I’ve always kind of had an internal war between wishing I was a super stylish girl and hating the super stylish girl. I was raised by my dad (and later step-mom) for all those influential years where girls learn to explore their fashion tastes and try out terrible hairstyles and learn how to accessorize. My step mother is a very nice woman with generally AWFUL taste. My dad is very much a dude’s dude working-class kinda guy. He picks out a new outfit for a fancy event from Goodwill, and considers a Hawaiian button down church-appropriate. My mother has spent my life telling me that vanity is the worst thing anyone can embrace—and I can get behind this on a very VERY extreme platform, but she views any kind of care about clothes, appearance, etc to be a character flaw.
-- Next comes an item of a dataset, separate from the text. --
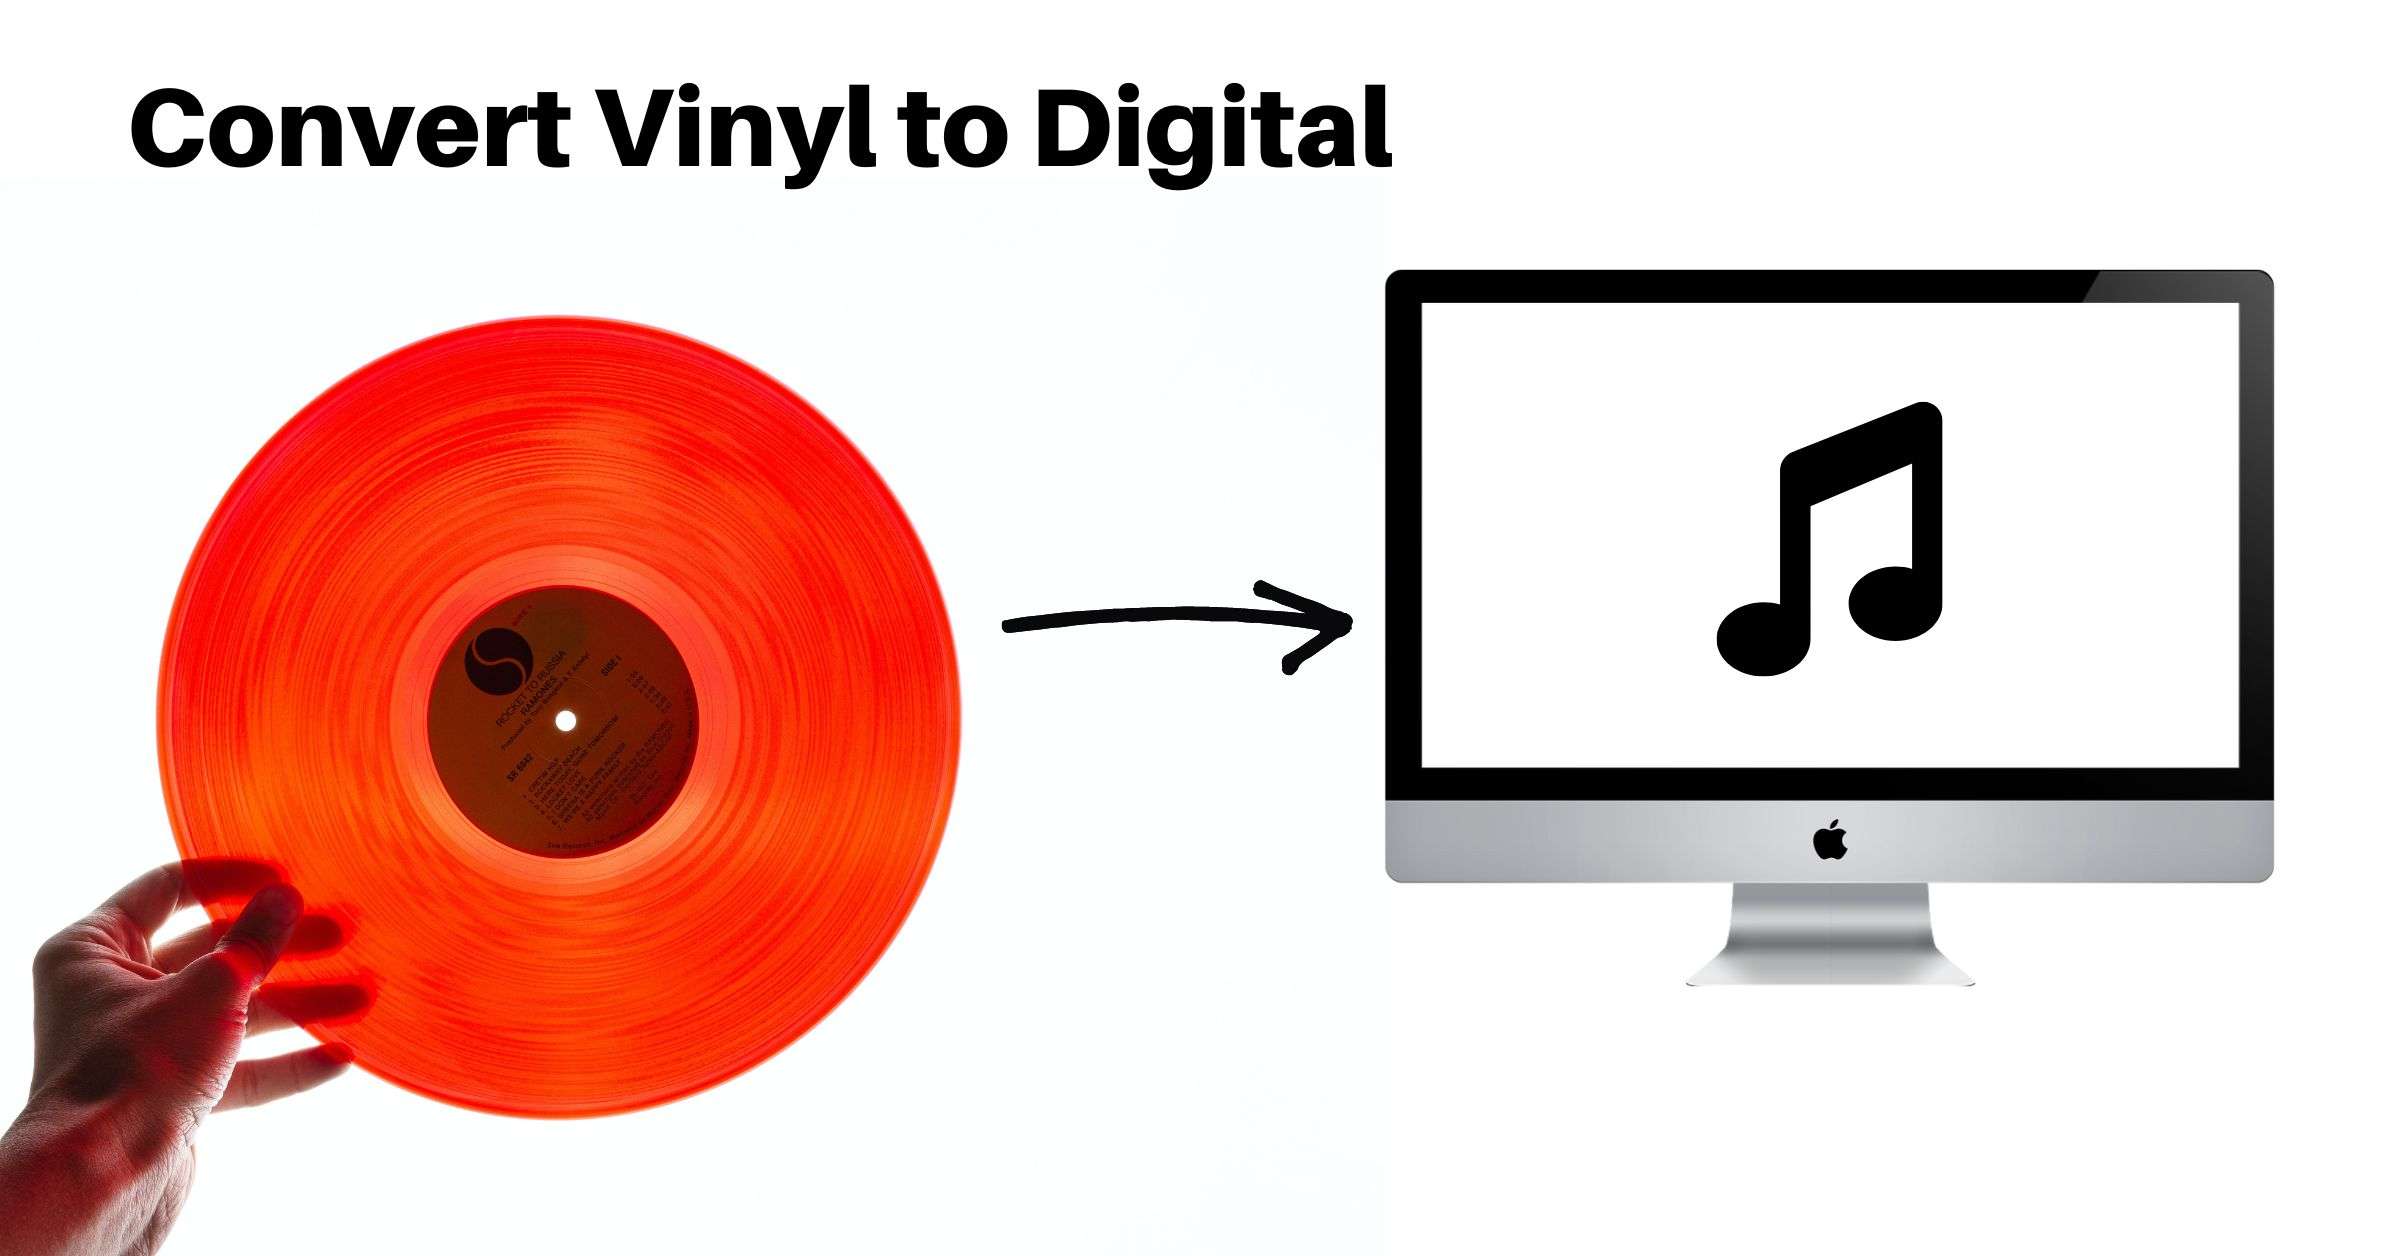 Convert vinyl to digital
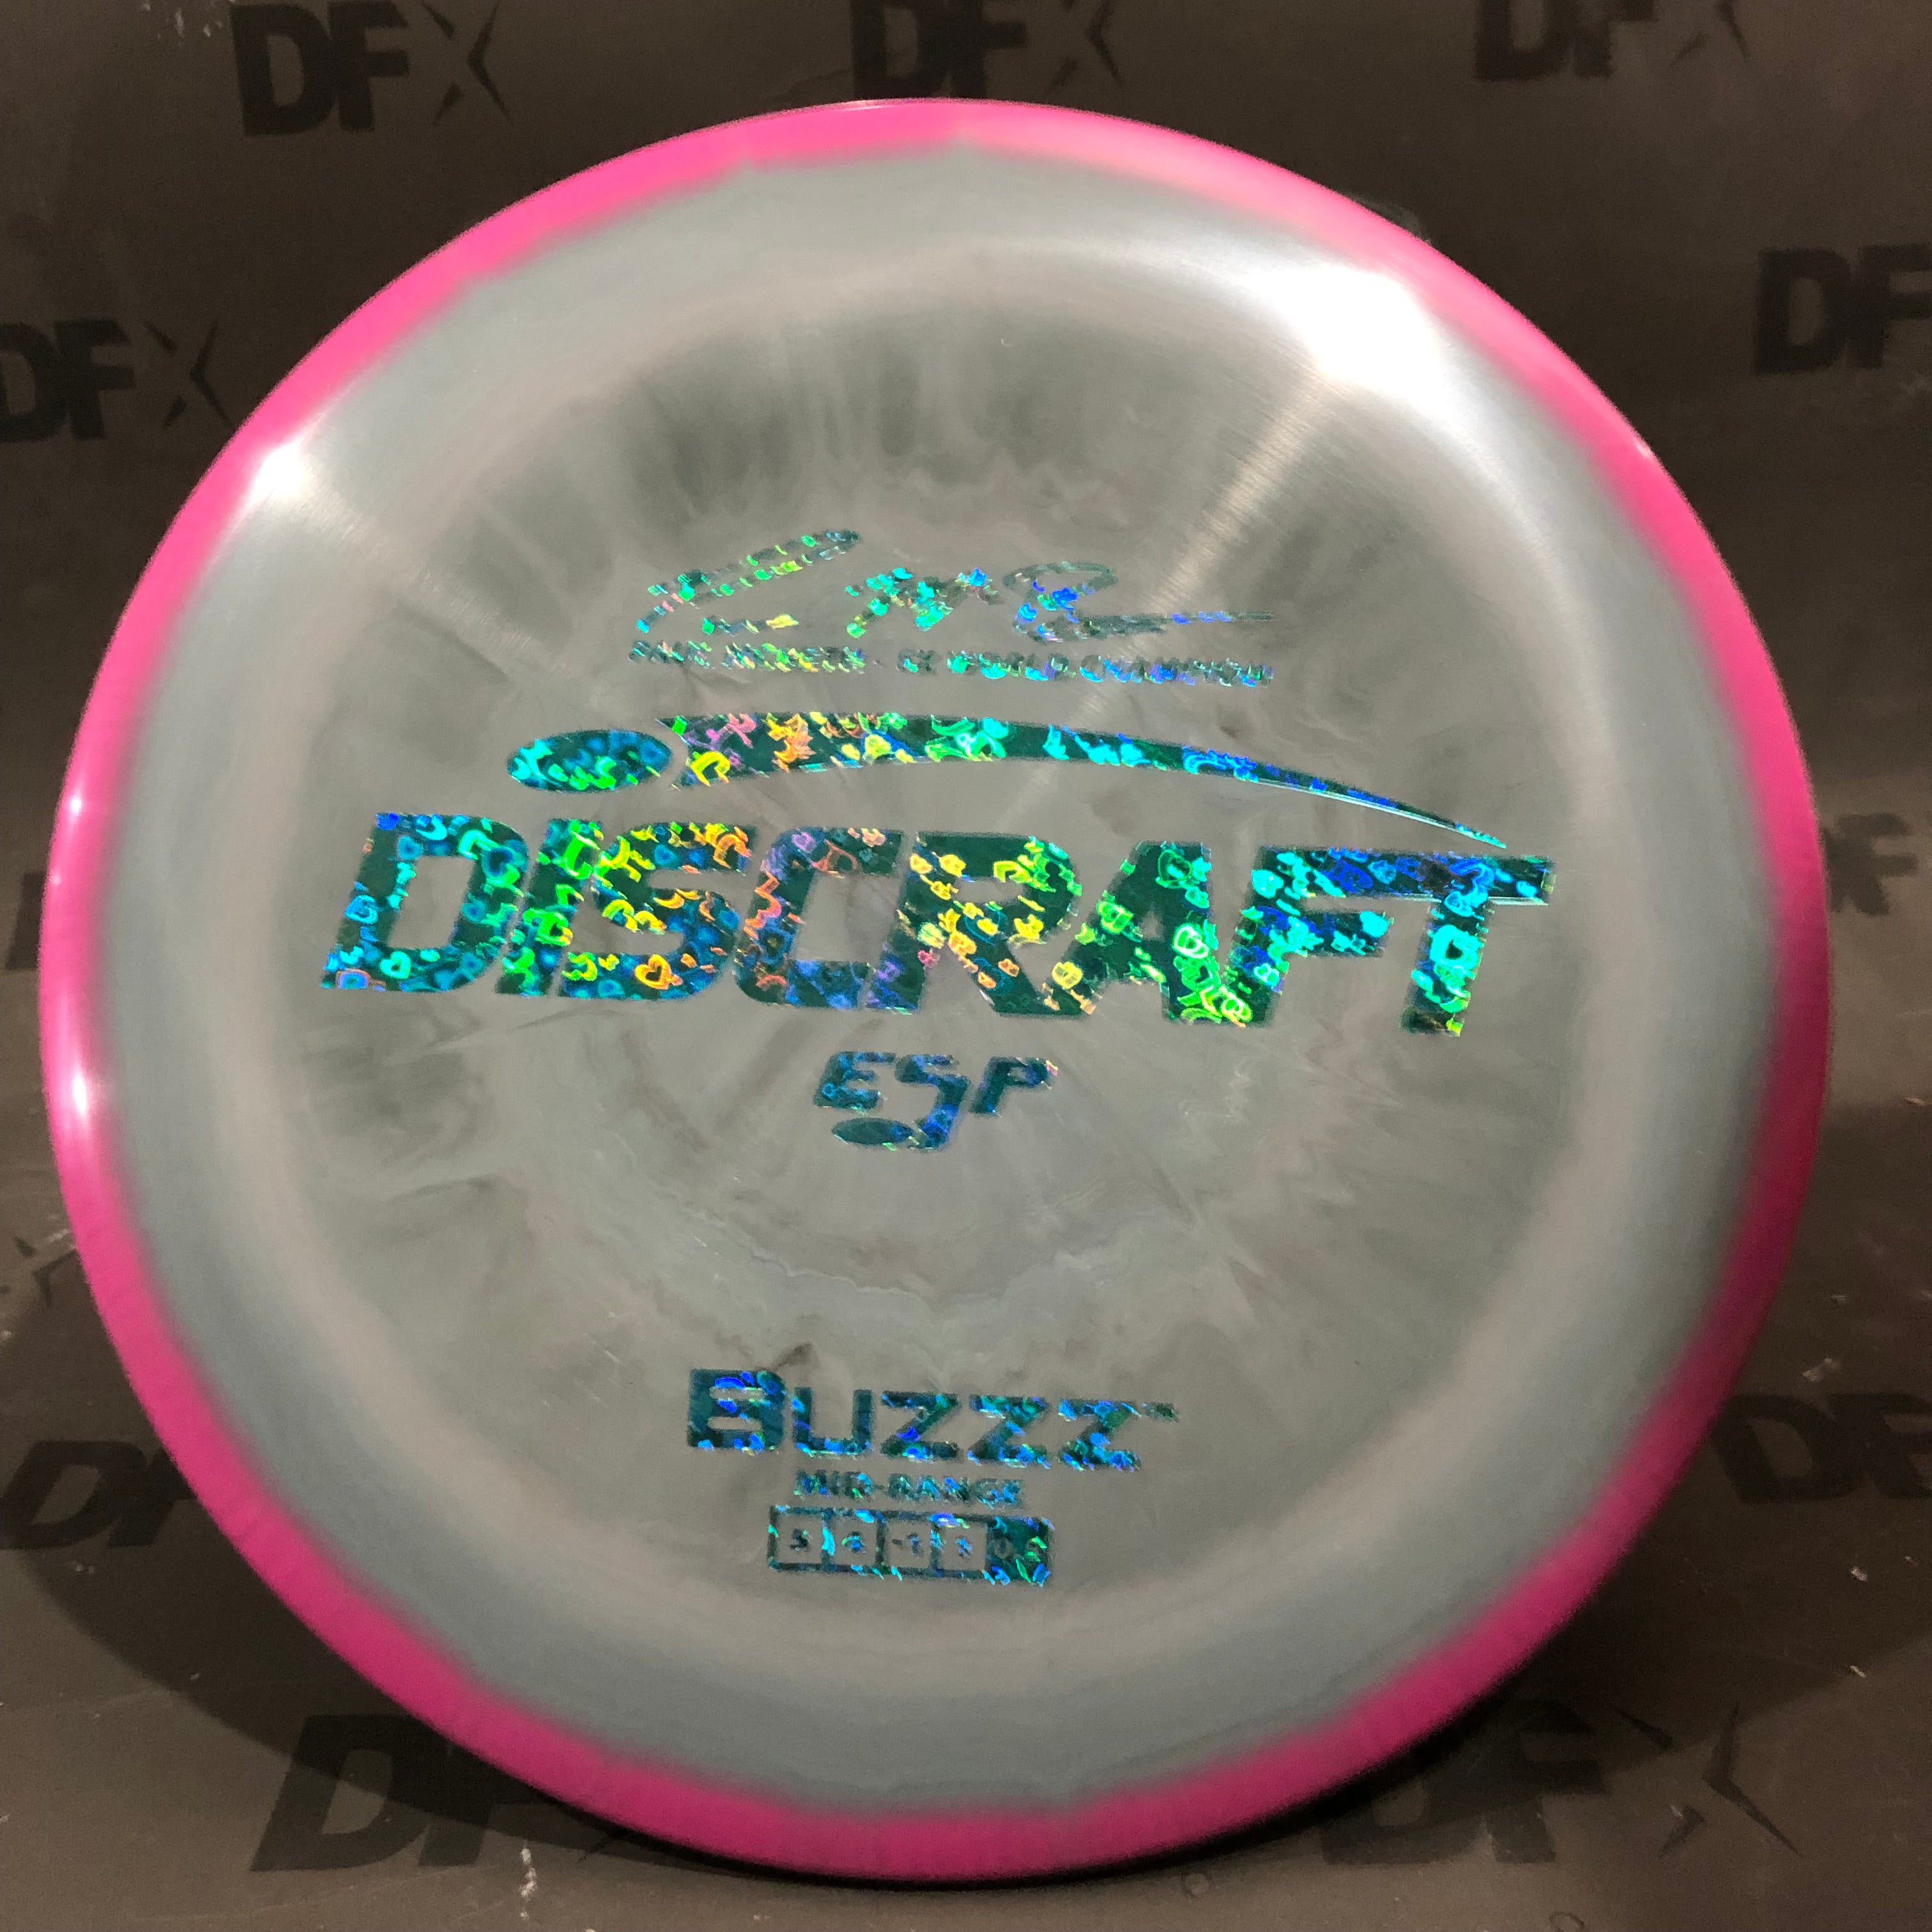 Discraft ESP Buzzz (Paul McBeth 5x)

Ok, so needless to say I always feel like the most boring shirt in the room. Generally speaking, I keep my wardrobe pretty simple, innocuous. I don’t make bold fashion statements, I don’t do, like, animal prints and stuff. I mean, you do you—I just don’t like that on me. When I was smaller, I cared more. I liked shopping and felt good in new clothes, I did my hair often, I enjoyed putting on makeup most days and finding cute earrings. I LOVED shoes and bags, just in an Old Navy/Target price range. As I have gained weight, I have felt so unattractive and so matter-of-fact about my appearance that I have stopped caring what I see. I mean, like I still shower and brush my teeth and wear clothes in good repair and stuff, but when I try on a shirt for work and I look frumpy, it’s fine—because no matter what I put on, I’m going to look much older than I should and frumpy, because of my weight. And it has been going on for so long now that I sort of forgot that I think I can be pretty—that I am capable of looking NICE. Not passable—looking GOOD. It is size related, but deeper than that. I worked at this TERRIBLE job for two years. Terrible terrible—the kind of job where you cry before you go in, on your lunch break, and after work EVERY DAY. It was a very valuable lesson, but I am not grateful I learned it. While I was there, I was depressed, and gained more weight, which made me depressed about that too. One day I came into work with full makeup, my hair done and a nice outfit, because I had personal appointment. Everyone in my office ooh’d and aww’d and were genuinely surprised. Do you know how it feels to realize someone is genuinely surprised to learn you can look nice? It’s awful. I was so horrified to learn that I looked SO BAD most of the time that makeup and a cute top were enough to lastingly shock people who have seen me daily for years. After leaving that job, my appearance improved (did you know not crying and sleeping well and stuff makes a huge difference?) and I remembered that I do actually care how I look. I started wearing makeup more often and spending more thought on my clothes and finally diet.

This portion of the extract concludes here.